Religious and community leaders announced on 2 October that Damiba had agreed to resign from his position after they mediated between him and Traoré. Damiba demanded seven guarantees in return, including that his allies would be protected, a guarantee for his security and rights, and that the new junta would fulfil the promise he made to the Economic Community of West African States (ECOWAS) about restoring civilian rule in the country in two years. Traoré agreed and Damiba announced his resignation in an audio recording, fleeing for exile in Togo with the help of some army officers.

In January 2023, the Patriotic Movement for Safeguard and Restoration military junta told French forces to withdraw from Burkina Faso within a month. The French Army officially ended its operations in the country in February 2023. Later in the same month, the junta withdrew from a military assistance agreement with France dating to 1961. Despite the coup, Burkina Faso started witnessing a resurgence in jihadist attacks in 2023.

== Reactions ==
The reaction of the population remains mixed. Although one part of the population supported and celebrated the new coup d'état, another part does not believe that a new political change can solve the increasing security issues.

The coup was described as "very regrettable" by the president of the country's Movement for Human Rights, who also criticised the military for its divisions and inability to combat extremism.

Asserting that "serious and intolerable incidents" have targeted the embassy and some French companies, the French Minister of Foreign Affairs Catherine Colonna expressed her concerns about French citizens' safety in the country.

The ECOWAS opposed the coup and added that it came at an "inopportune time" when Burkina Faso was returning to a constitutional government. Moussa Faki Mahamat, the chairperson of the African Union Commission, condemned the coup as "unconstitutional" and suspended Burkina Faso from the organization.

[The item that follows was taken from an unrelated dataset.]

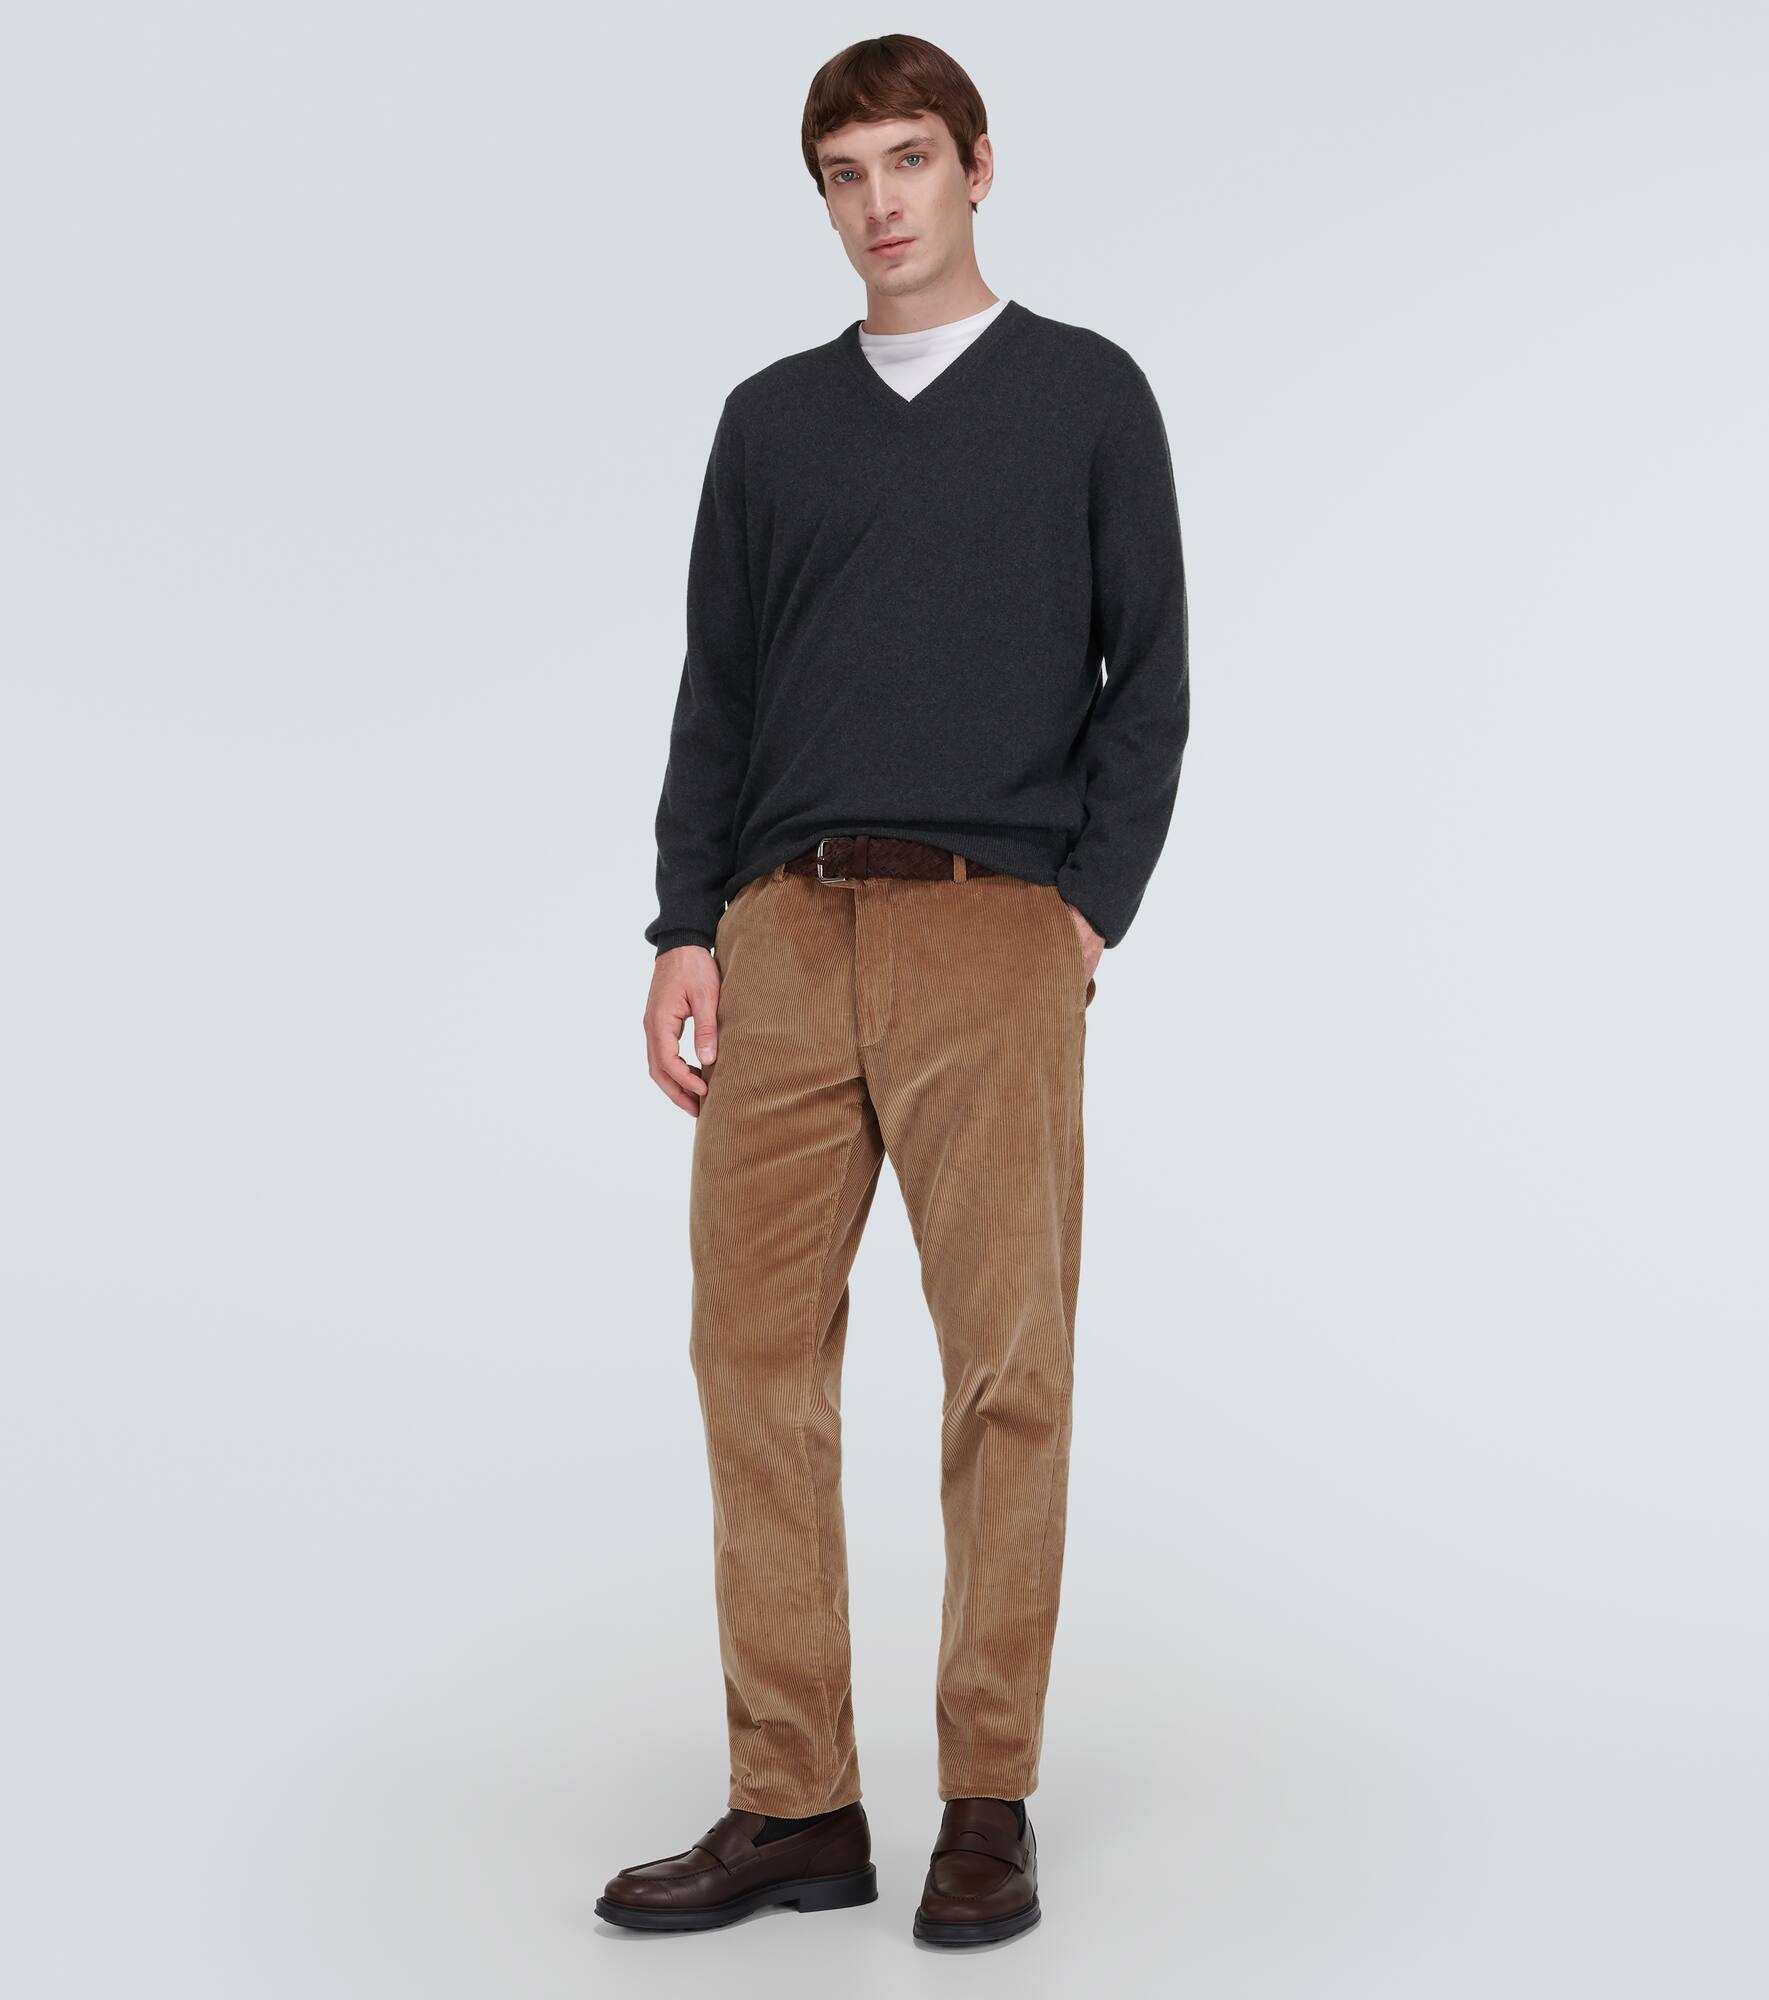 Scollo cashmere sweater - 2
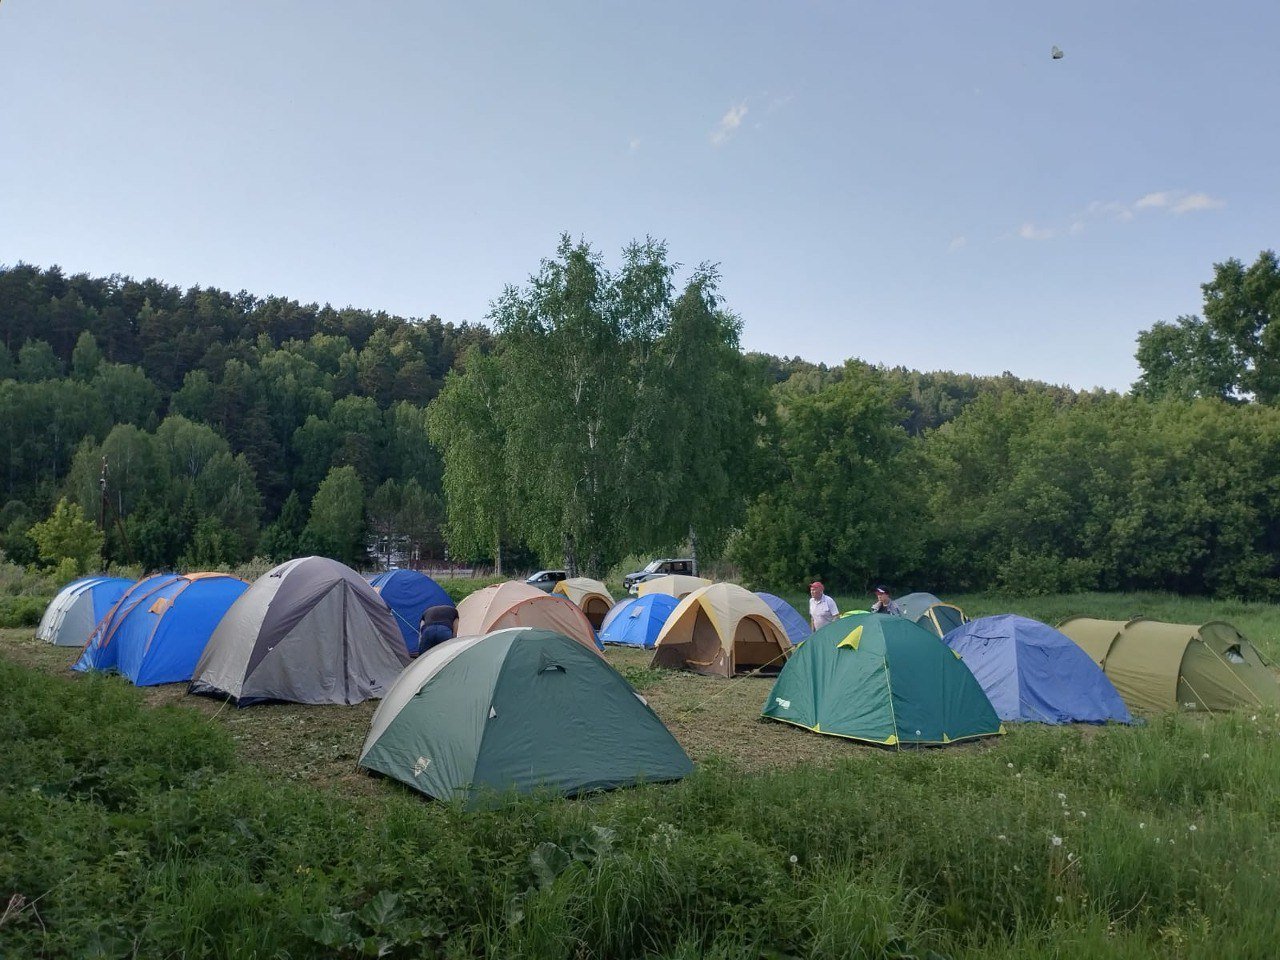 День палаточного лагеря

The Organisation of Islamic Cooperation (OIC) condemned the coup and called for calmness and upholding the spirit of dialogue. The United States stated that it was "deeply concerned" by the situation and called on the new junta to de-escalate, protect citizens and soldiers, and allow a return to "constitutional order".

Russia called for a return to normalcy as soon as possible in Burkina Faso in order to ensure "complete order" and a "return to the framework of legitimacy".

Prigozhin congratulated Traoré and called him "a truly courageous son of the motherland". In his statement, he credited Damiba for freeing Burkina Faso from what he described as the yoke of the colonialists, though also stated that he "did not justify the confidence of the young officers" and that they "did what was necessary and they did it for the benefit of their people".